Saturday, November 22, 2014

SC Administrative Law Court Decisions

CAPTION:
SCDMV vs. Marcy Dulin

AGENCY:
South Carolina Department of Motor Vehicles

PARTIES:
Appellant:
South Carolina Department of Motor Vehicles

Respondents:
Marcy Dulin
 
DOCKET NUMBER:
07-ALJ-21-0197-AP

APPEARANCES:
n/a
 

ORDERS:

ORDER

STATEMENT OF CASE

THIS MATTER is an appeal by the South Carolina Department of Motor Vehicles (“Department”) from a Final Order and Decision of the South Carolina Division of Motor Vehicle Hearings (“DMVH”). The DMVH’s Final Order and Decision was issued following an administrative hearing held pursuant to S.C. Code Ann. § 56-5-2951(B)(2) (Rev. 2006). The Department claims that the DMVH erroneously rescinded the driver’s license suspension of Marcy Dulin (“Respondent”). The Administrative Law Court (“ALC” or “Court”) has jurisdiction to hear this matter pursuant to S.C. Code Ann. § 1-23-660 (Supp. 2006). Upon consideration of the briefs, the DMVH’s Final Order and Decision is REVERSED.

HISTORY

On March 20, 2007, Respondent was arrested pursuant to S.C. Code Ann. § 56-5-2930 (2006) for Driving Under the Influence (“DUI”) in the Town of North Myrtle Beach. At the police station, Respondent refused the breath test (by failing to give a sufficient sample), and her driver’s license was suspended under Section 56-5-2951(A). Respondent requested an administrative hearing under Section 56-5-2951(B) to contest her license suspension.

The DMVH hearing was scheduled for April 16, 2007, and the Department Hearing Officer (“DHO”) issued a Final Order and Decision (“Order”) on April 19, 2007,[1] that rescinded the driver’s license suspension of Respondent. The DHO determined that the police officer’s failure to comply with Respondent’s subpoena warranted exclusion of any evidence, including testimony, taken from the documents which were subpoenaed and not produced.

FACTS

On March 20, 2007, Respondent’s driver’s license was suspended under Section 56-5-2951(A) after she was arrested by the North Myrtle Beach Department of Public Safety (“NMBDPS”) for a DUI and refused to submit to a breath test. Respondent requested an administrative hearing that was scheduled for April 16, 2007.

On April 2, 2007, Respondent served a subpoena on the arresting officer R.R. Pollock (“Pollock”), requesting production of the Data Master videotape, the in-car video of the arrest, a copy of Data Master ticket, and a copy of the Implied Consent form. The subpoena commanded production of the requested materials by April 11, 2007 at 5 p.m.

At the DMVH hearing, on April 16, 2007, Pollock was sworn and allowed to testify by the DHO. Counsel did not object to Pollock’s statements on the record.
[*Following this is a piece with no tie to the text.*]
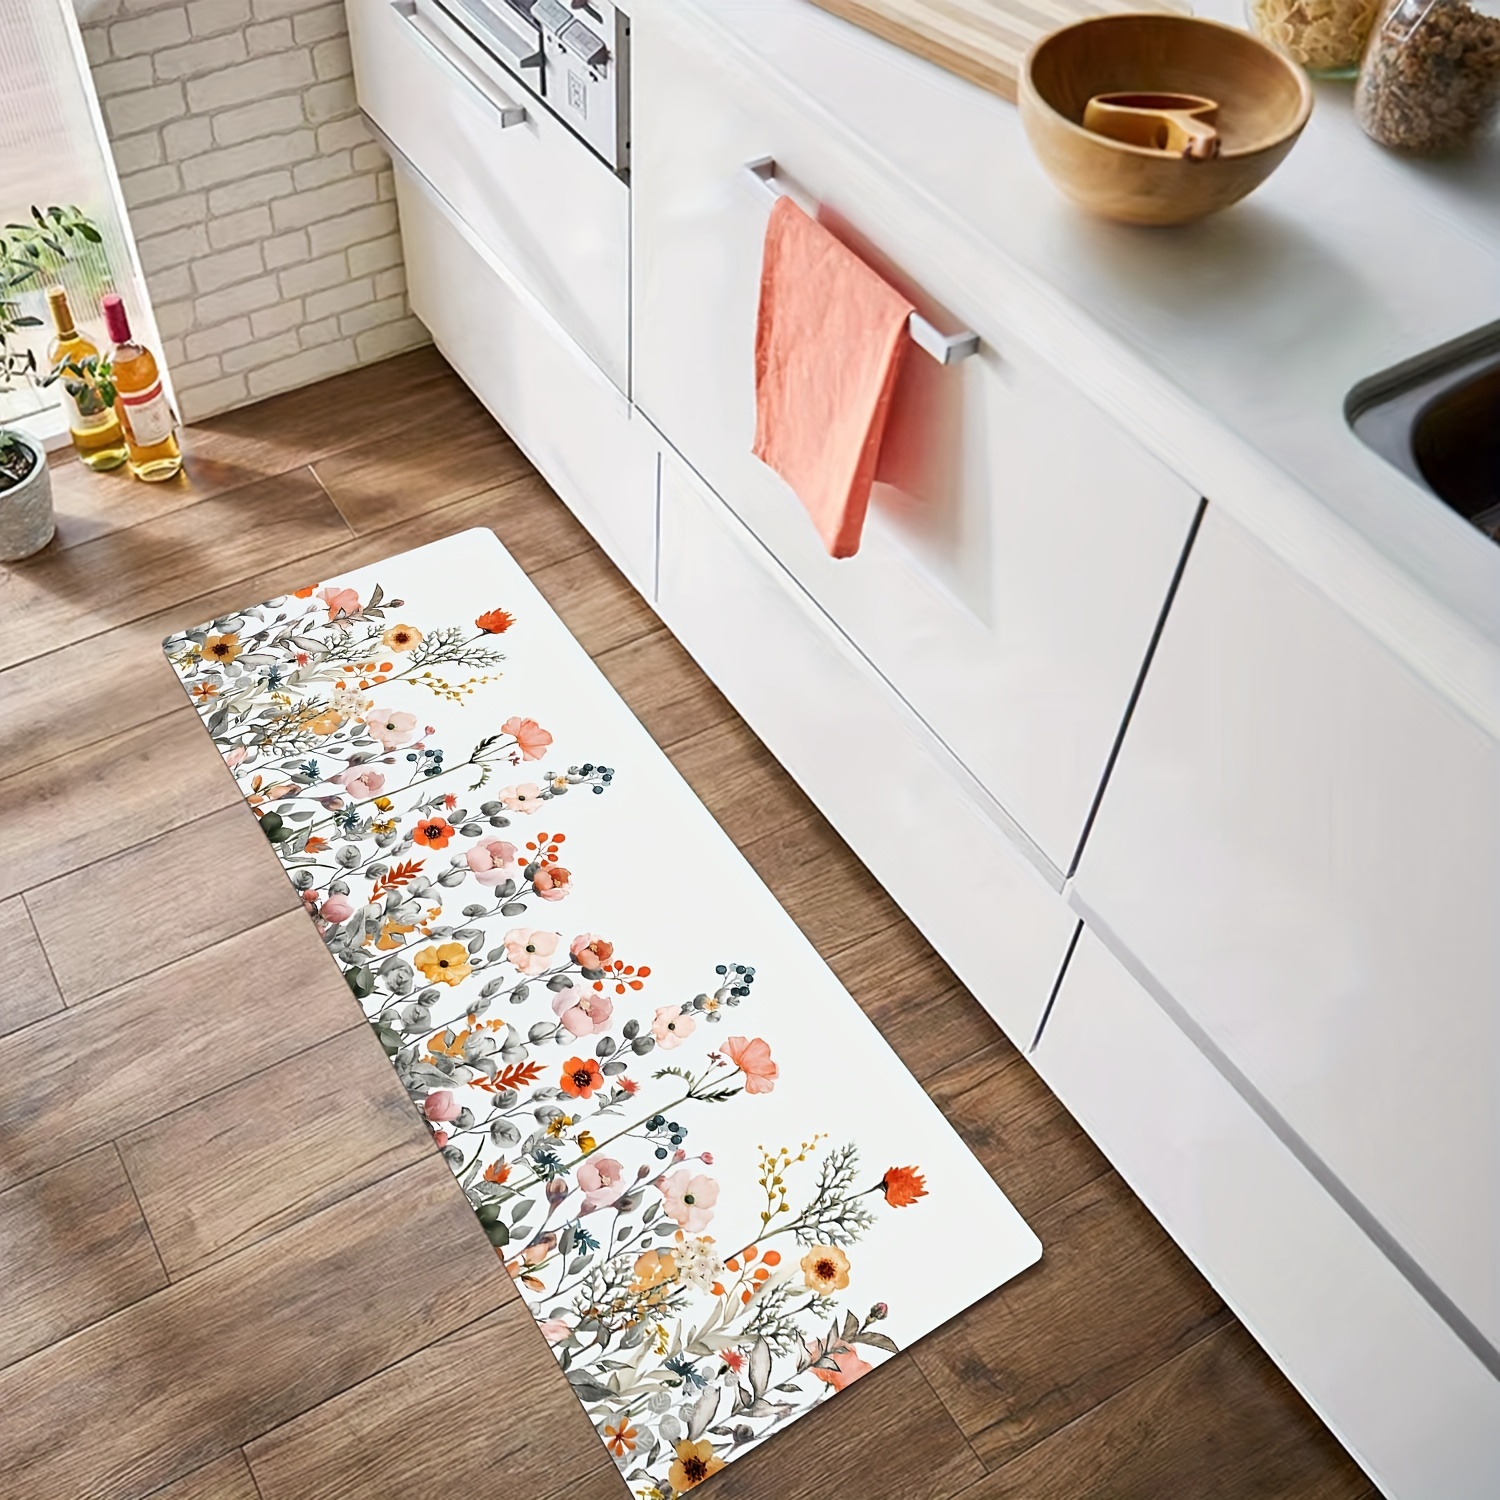 Soft Kitchen Floor Mats for in Front of Sink Super Absorbent Rugs
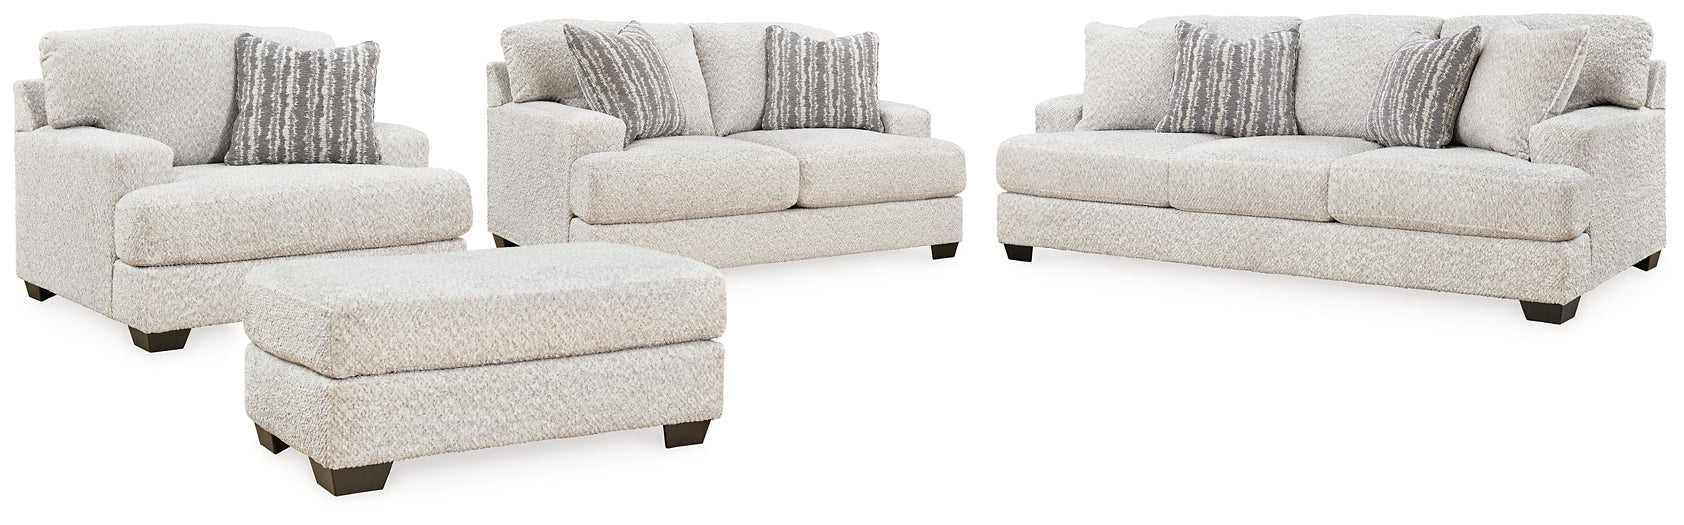 Brebryan Sofa, Loveseat, Chair and Ottoman soft fabric, off white color

Pollock stated that Respondent was pulled over because her car was weaving on and off the roadway. Hrg. Trans. 3:22-25. An odor of alcohol was detected emanating from Respondent’s person, which prompted the administration of three (3) field sobriety tests. Pollock testified that Respondent was read her Miranda rights and was arrested after she failed the walk and turn, the one-legged stand and the ABC test. Hrg. Trans. 4:8-12. Pollock informed Respondent that she was being video taped and, again, advised her of the Miranda and Implied Consent rights. Hrg. Trans. 5:1-2. Pollock stated that Respondent was taken to the police station and was placed in a Data Master room where he administered a breath test according to SLED procedures. Hrg. Trans. 4:20-25. Pollock was allowed to enter into the record the Implied Consent Form without objection from Counsel or the DHO. Hrg. Trans. 5:1-11.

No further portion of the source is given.